How to place it in a Tokyo itinerary

Use this restaurant when the evening calls for Ginza polish with more flexibility than a counter format. It fits a group meal, a family dinner, or a business-adjacent night when the table needs privacy and a broader drinks range. It is less suited to travelers seeking the compressed drama of a chef-led tasting menu. That contrast is useful: Tokyo rewards diners who match format to occasion rather than chasing a single hierarchy of prestige.

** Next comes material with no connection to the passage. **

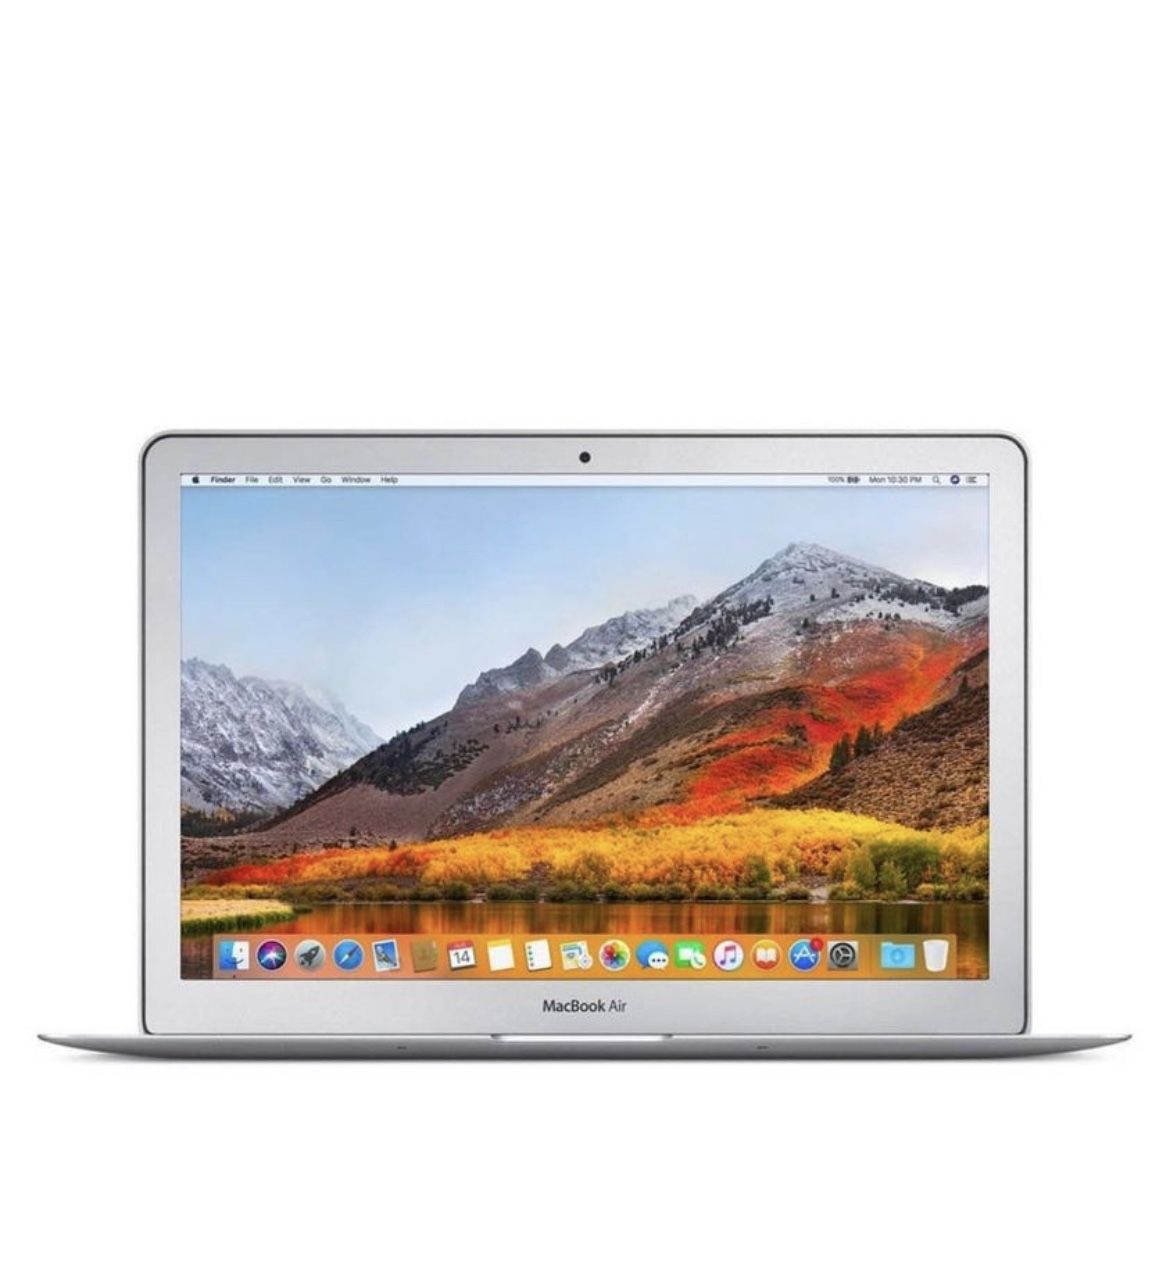 13” Apple MacBook Air 1.8GHz Dual Core i7
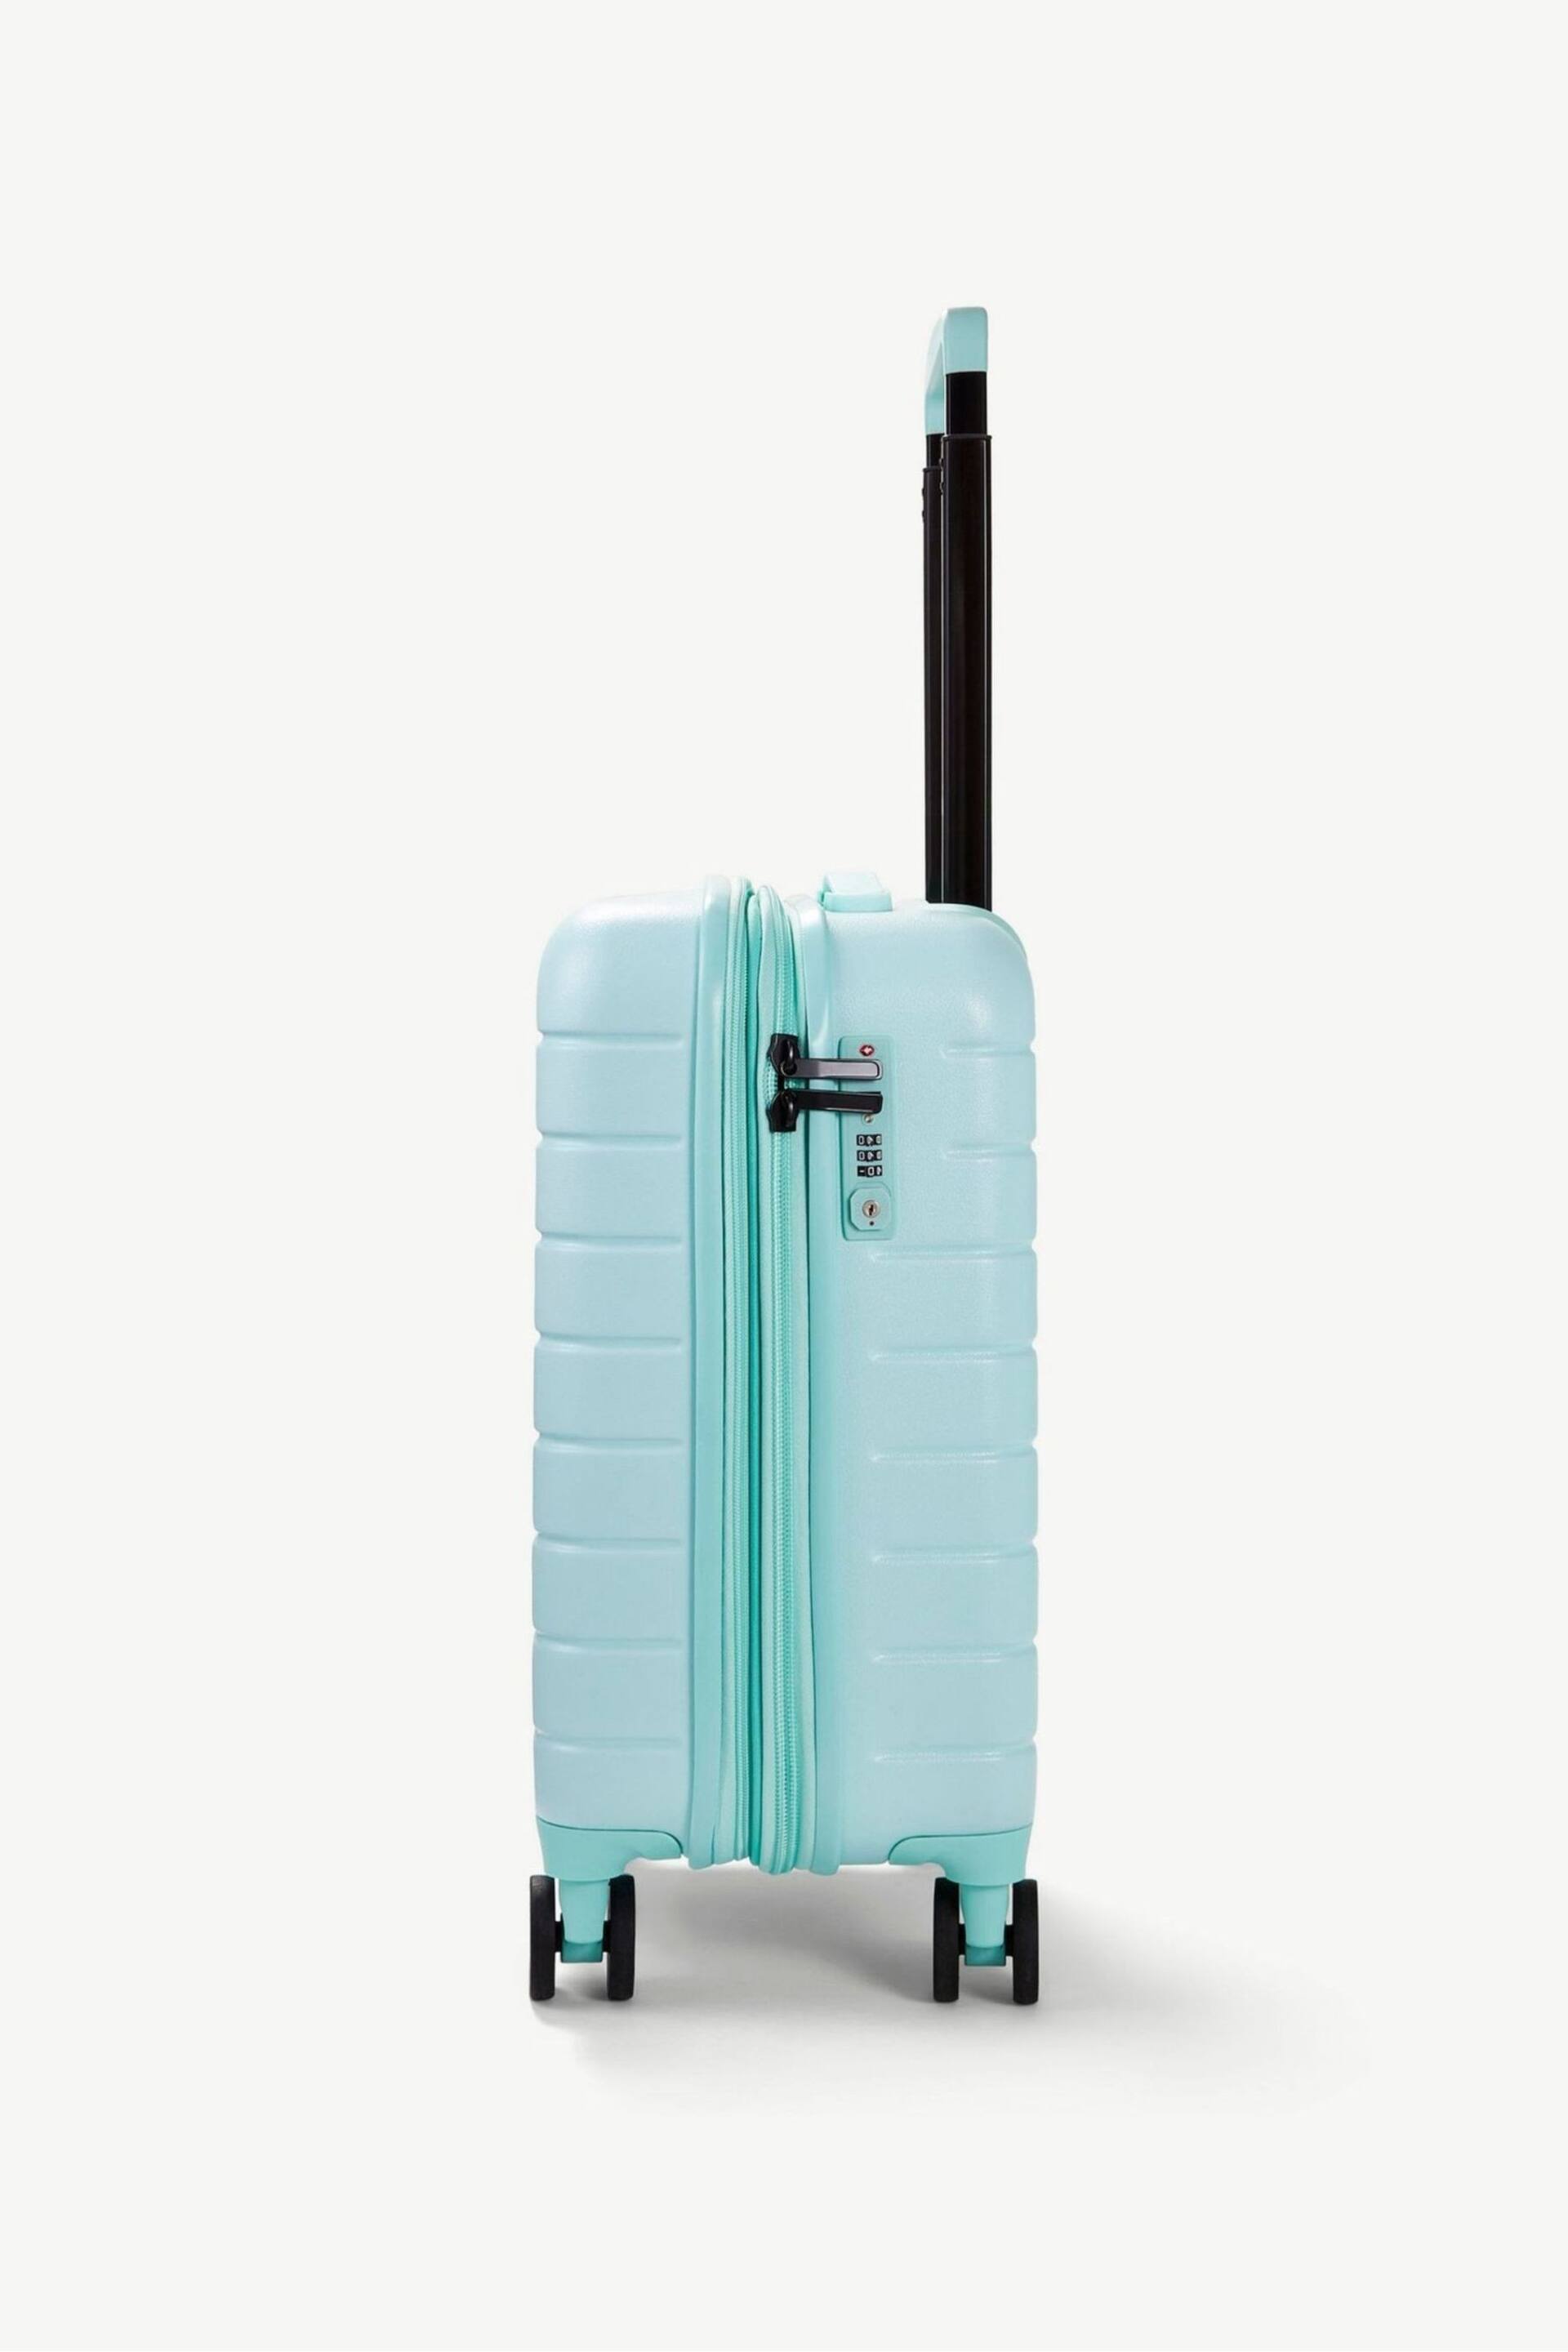 Rock Luggage Novo Cabin Suitcase - Image 3 of 7

For a wider map of the city, pair this Ginza read with Our full Tokyo restaurants guide, then build around mood and neighborhood rather than category alone. Akihabara can pull the itinerary toward charcoal and tuna at . 鮪と炭火焼き うお炭 秋葉原店, Shinjuku toward sharper urban dining at 12/10 Shinjuku ten, Kagurazaka toward yakitori at 124. KAGURAZAKA (Yakitori), and lighter daytime pacing at 2D Cafe or 3 Chome no Curry Ya San. For trip planning beyond restaurants, the same city logic extends through Our full Tokyo hotels guide, Our full Tokyo bars guide, Our full Tokyo wineries guide, and Our full Tokyo experiences guide.

Outside Tokyo, the contrast becomes clearer. Regional Japanese dining can lean into single-specialty formats such as -Grilled beef Sukiyaki- KAMAKURA TANUKIAN 鎌倉 たぬき庵 in Kamakura, café culture at.cafe in Osaka, local counter culture at.know in Kumamoto, Vietnamese cooking in the Tokyo orbit at (Shoku) Vietnam in Kawasaki, curry specialization at [Curry Senmon Ten] Maruyama Kyoju. in Sapporo, or Kyoto’s smaller-format precision at [ki:] in Kyoto. Even abroad, the Japanese dining conversation keeps branching, from Jōdo Saké Bar in Los Angeles to Onigiri Time in Pasadena. Against that spread, Ginza Chinese dining reads as its own Tokyo grammar: social, polished, and built for the table rather than the counter.

Signature Dishes
Braised shark finShark fin stew noodlesAnnin tofu

Comparable Spots

Comparable venues to anchor price and recognition.

At a Glance
Vibe
  • Elegant
  • Classic
  • Sophisticated
Best For
  • Business Dinner
  • Special Occasion
  • Group Dining
  • Date Night
  • Family
Experience
  • Private Dining
  • Standalone
Dress CodeSmart Casual
Noise LevelConversational
CapacityLarge
Service StyleFormal
Meal PacingLeisurely

Upscale, classic Chinese fine-dining atmosphere in a basement Ginza location, with a calm, polished dining room suited to business and special-occasion meals.